Friday, November 4, 2016

Hallowed Be Thy Name...

Jesus taught his disciples, "When you pray, say: “Father, hallowed be your name." (Luke 11:2)  This beginning to our prayer confronts us with the nature of our relationship to God. That he is our father means we honor him and are dependent on him. 

The phrase, "hallowed be your name" expresses our respect. It means, "let your name be exalted as holy."  It is not that we are urging God to live up to our standards of holiness - but that we recognize and want others to know that God, our Father, is HOLY.

God is not holy because he measures up to some external standard.  God is holy because he is God.  As God, he is the measure of all perfection.  Good and Evil, Right and Wrong, Moral and Immoral and any other similar standard is eternally calibrated by the ultimate reality of God and his holiness.  What conforms to God's holy character is good, right and moral.  Whatever conflicts with God's holy character is evil, wrong and immoral. To sin is to transgress God's standards of holiness.
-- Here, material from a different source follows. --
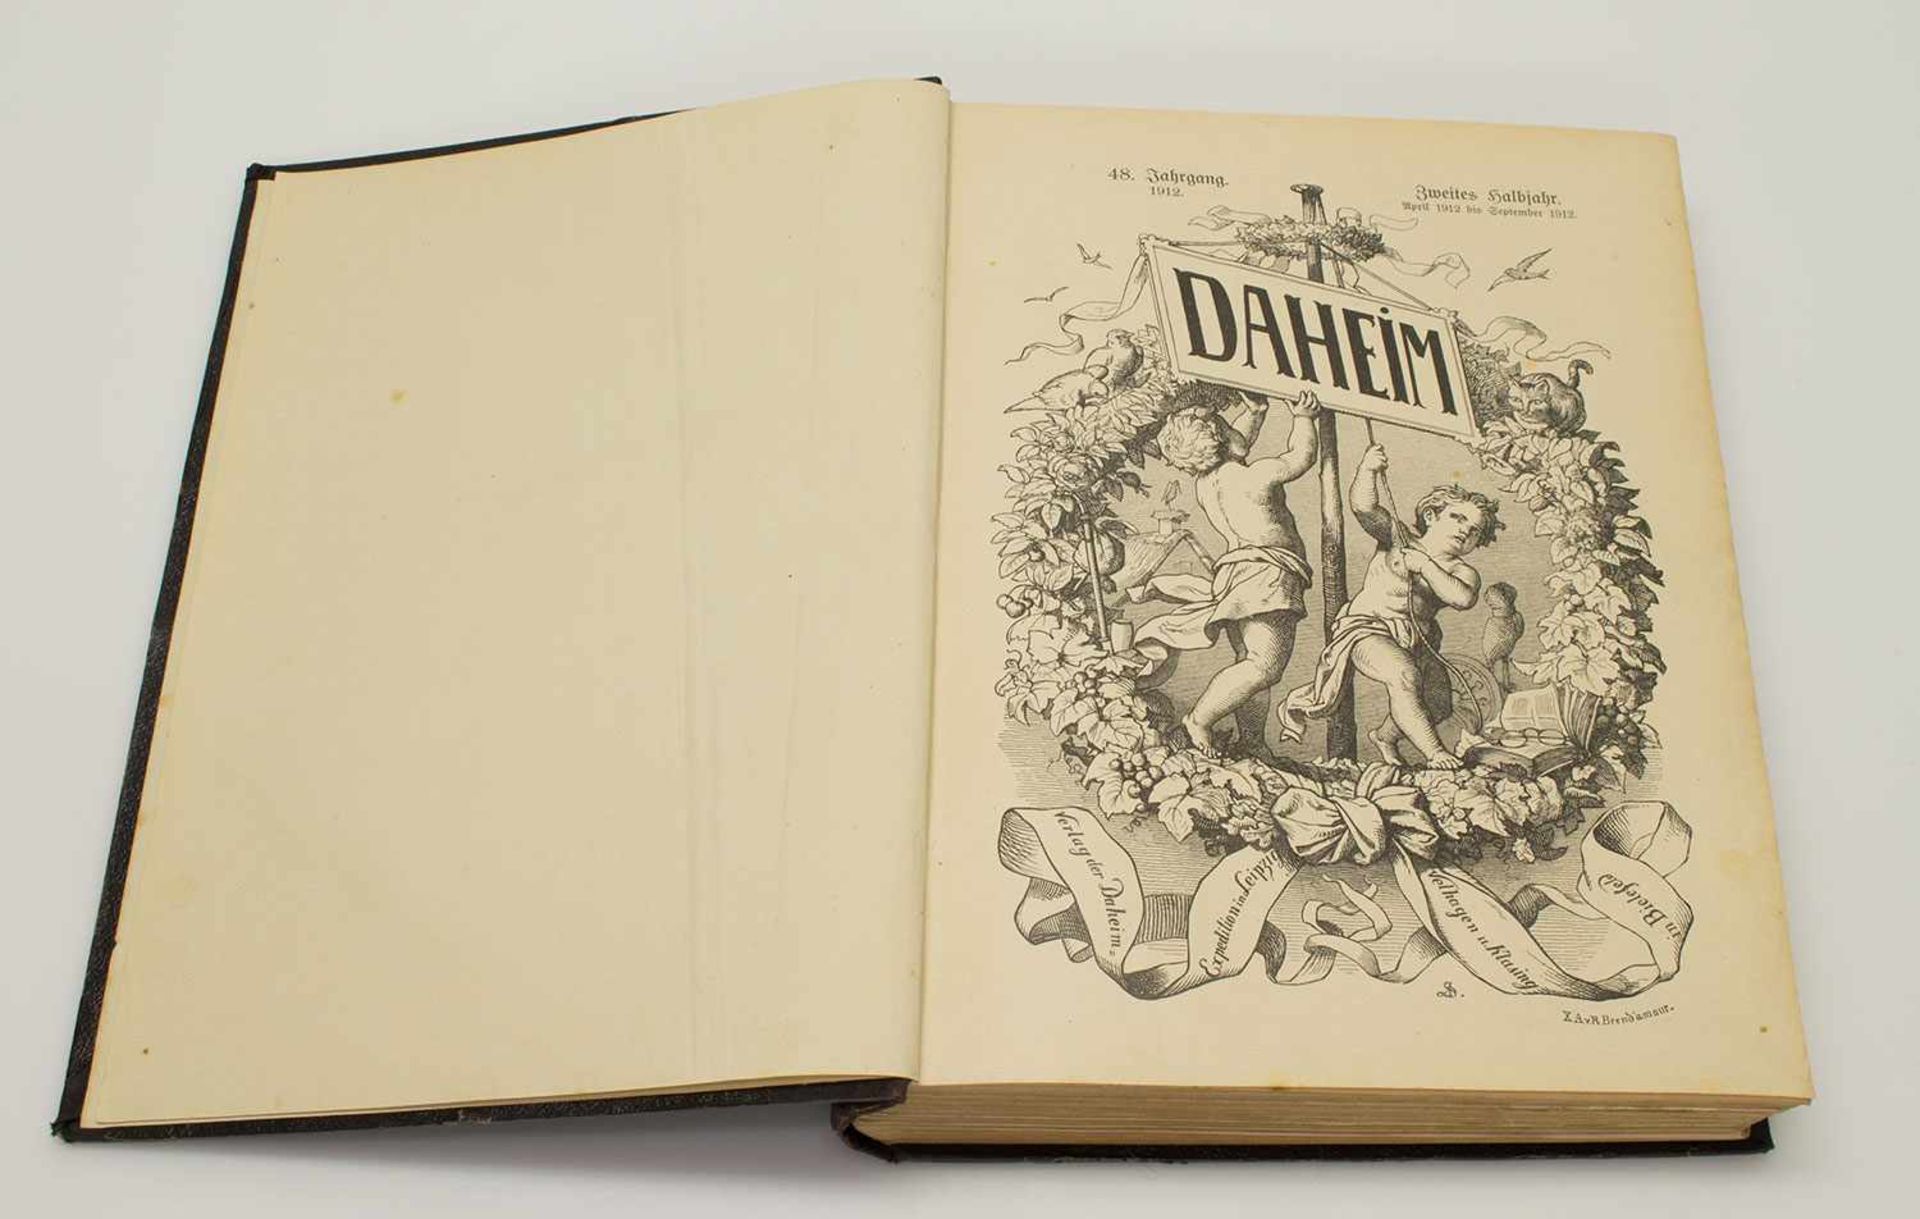 Herausgeber„Daheim-Kalender“, Velhagen & Klasing/ Berlin-Bielefeld 1912, 48. Jahrgang April-

When we come to God in prayer, one of the first things we must do is acknowledge who God is and who we are in relation to God.  We do not come to God to give him something he lacks or to tell him how to manage the universe or the circumstances of our lives.  We come to God in worship, desiring to be used by God to exalt his name as the measure of all perfection.

This is a very important thing to remember in 21st century America and it would be well for Christians to return to praying according to this formula, "Father, hallowed be your name."

Somehow we have strayed from these essential truths.  Instead of acknowledging God as the measure of all perfection we have come to think that we are the measure ourselves.  Too many nominal Christians have bought into the American idolatry that tells us good and evil are determined by cultural consciousness.  Views on abortion and human sexuality are prime examples, but not the only examples.  Instead of asking, "What does God say about these things?" so called Christians are parroting the views of secular humanists who have sold their ideas through various cultural channels over the past sixty years.

Let God be exalted as the measure of all perfection.  Let his kingdom come and his will be done on earth as it is in heaven.  Let it begin today by his rule and reign in my life.